My question is only for the abelian case. The following example is to clarify the idea in the non-abelian case.
The dihedral group has the following presentation $$D_{2i}=\left<s,r/s^2=r^i=e,sr=r^{-1}s \right>$$ Order of $D_{2i}$ is $2i$. If we take $S=\{s,r\}$ and $H=\{s,sr\}$, then $D_{2i}=\left<S \right>=\left<H\right>$, but sum order of elements of $S$ is $2+i$ and of $H$ is $4$. From this, we deduce that there is no relation between the order of the non-abelian group and the orders of elements in the generating set.
My question is there any relation between the order of abelian group and the order of elements in its generating sets?
I guess the following is true $S=\{s_1,\ldots,s_k\}$ is a generating set of abelian group $G$ then $\Pi_{i=1}^k order(s_i) \geq order(G)$.
Is this equation true, and are there any other relations?

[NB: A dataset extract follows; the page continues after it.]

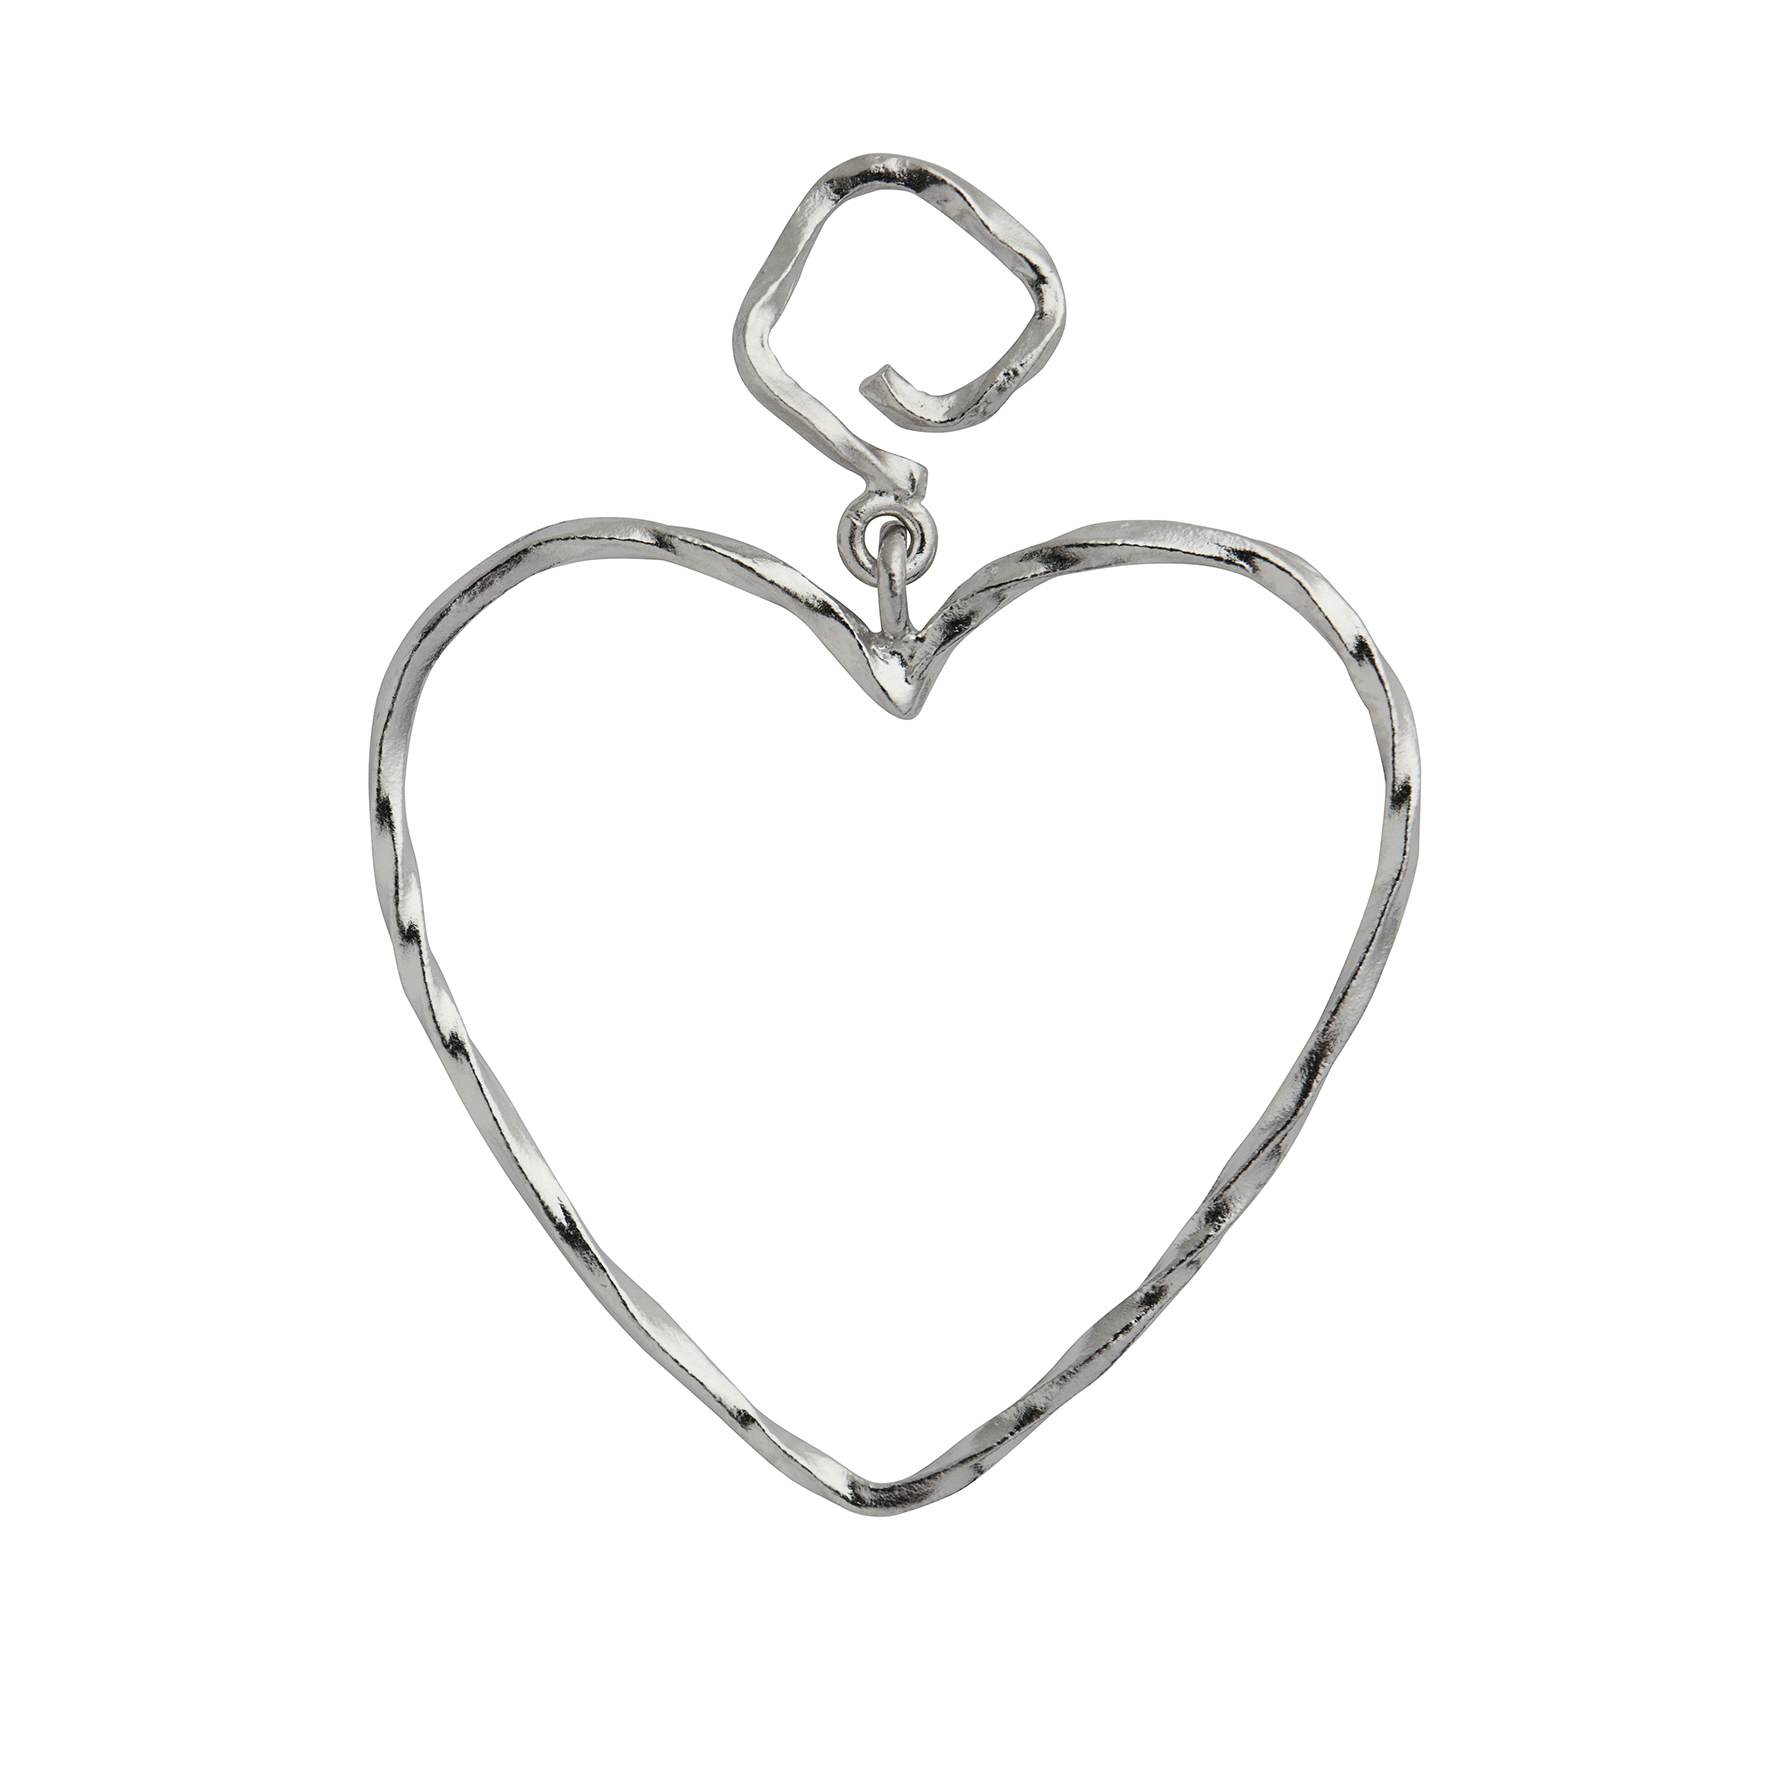 Funky Heart Earring von STINE A Jewelry in Silber Sterling 925

The equation $$ \tag 1 \def\ord{\operatorname{ord}}\prod_i \ord s_i \ge \ord G$$ is true, for a proof note that given $g \in G = \def\<#1>{\left<#1\right>}\<s_1, \ldots, s_n>$, we can write $$ g = \prod_i s_i^{a_i(g)} $$ for some $a_i(g) \in \{0, \ldots, \ord s_i - 1\}$. This gives a one-to-one map $a = (a_1, \ldots, a_n) : G \to \prod_i \{0,\ldots, \ord s_i - 1\}$, hence we have (1).